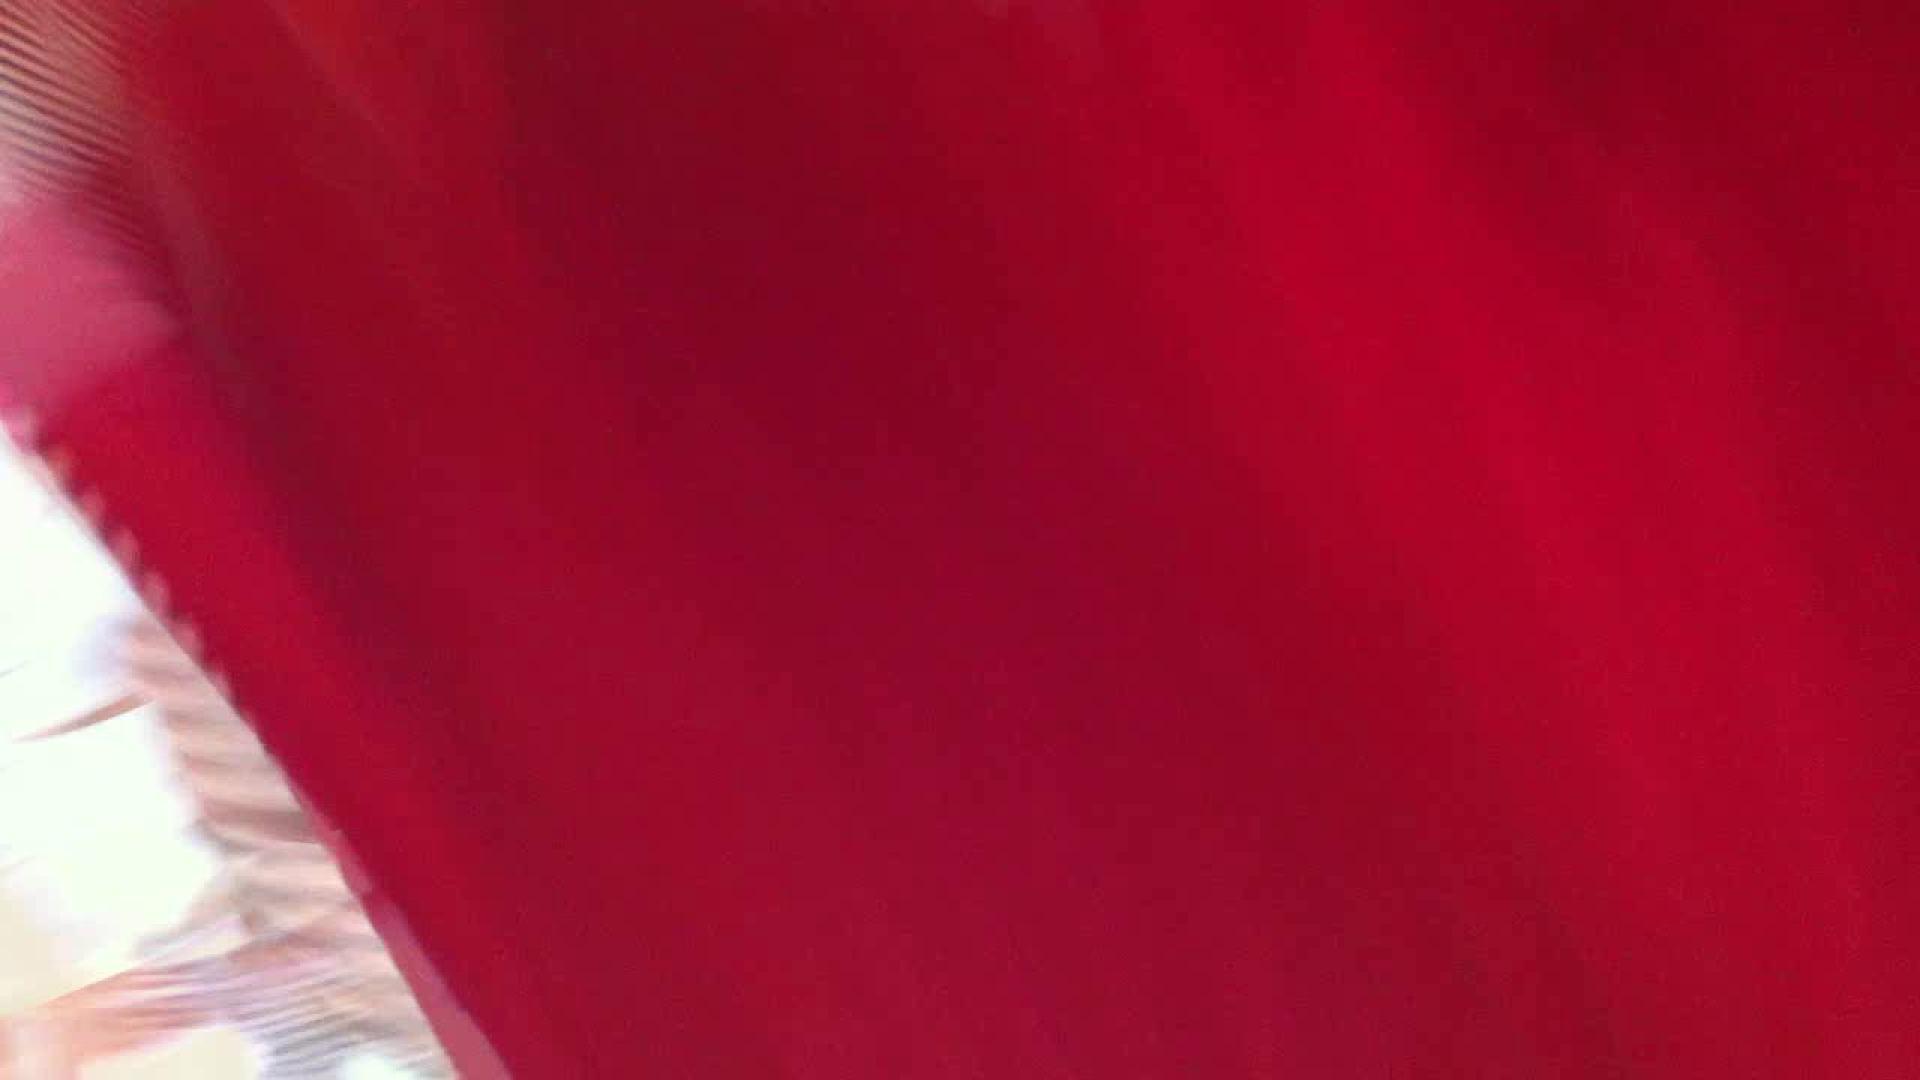 フルHD ショップ店員千人斬り! 大画面ノーカット完全版 vol.45 OLエロ画像 | ギャルエロ画像  104PICs 93
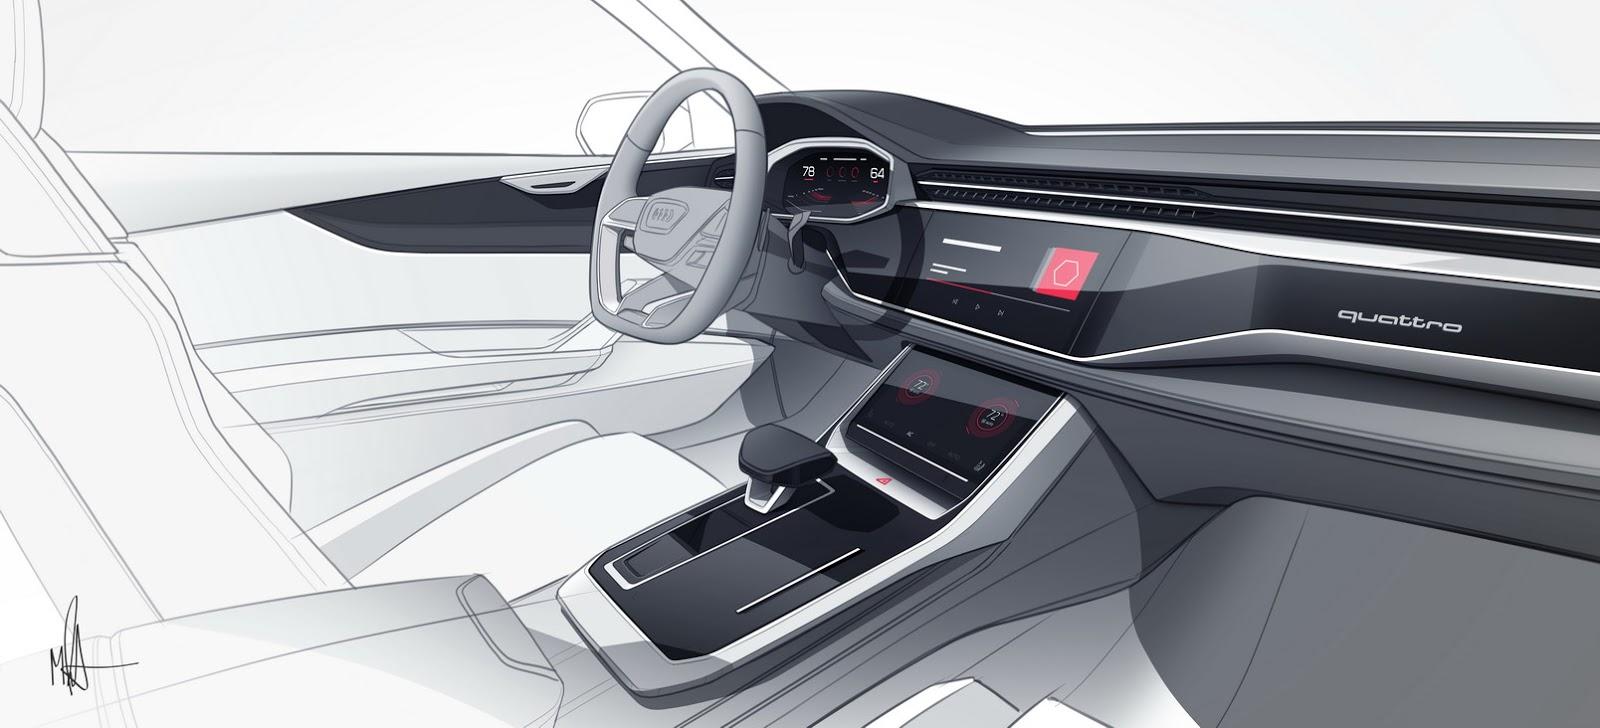 Audi_Q8_concept_33
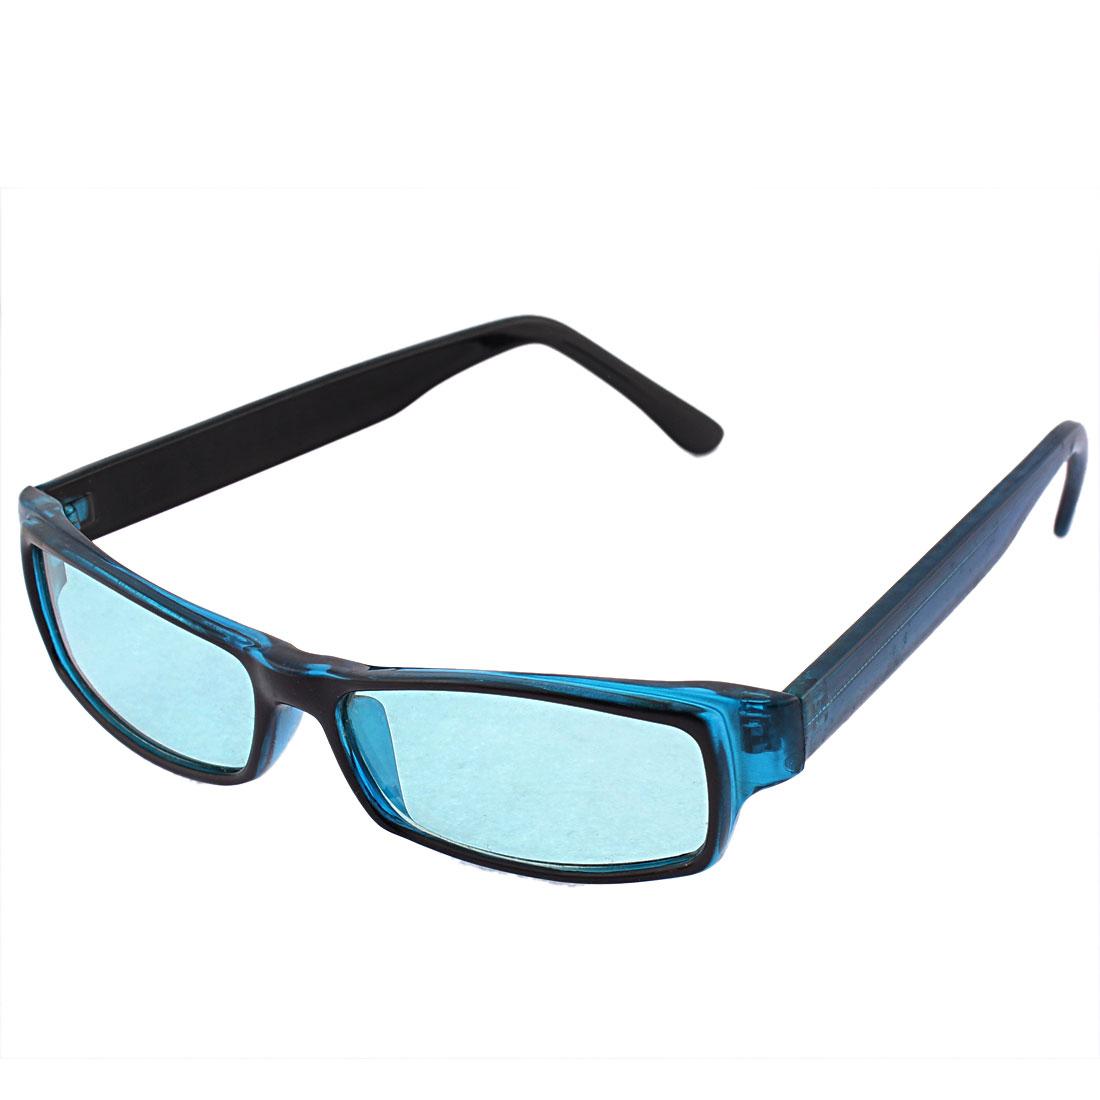 Rectangular Shape Green Lens Outdoor Sports Glasses Sunglasses for Men Women

• Task description:
Please retype the whole listing above word for word and drop the pictures.

• Worked solution:
 フルHD ショップ店員千人斬り! 大画面ノーカット完全版 vol.45 OLエロ画像 | ギャルエロ画像  104PICs 93
 Audi_Q8_concept_33
 Rectangular Shape Green Lens Outdoor Sports Glasses Sunglasses for Men Women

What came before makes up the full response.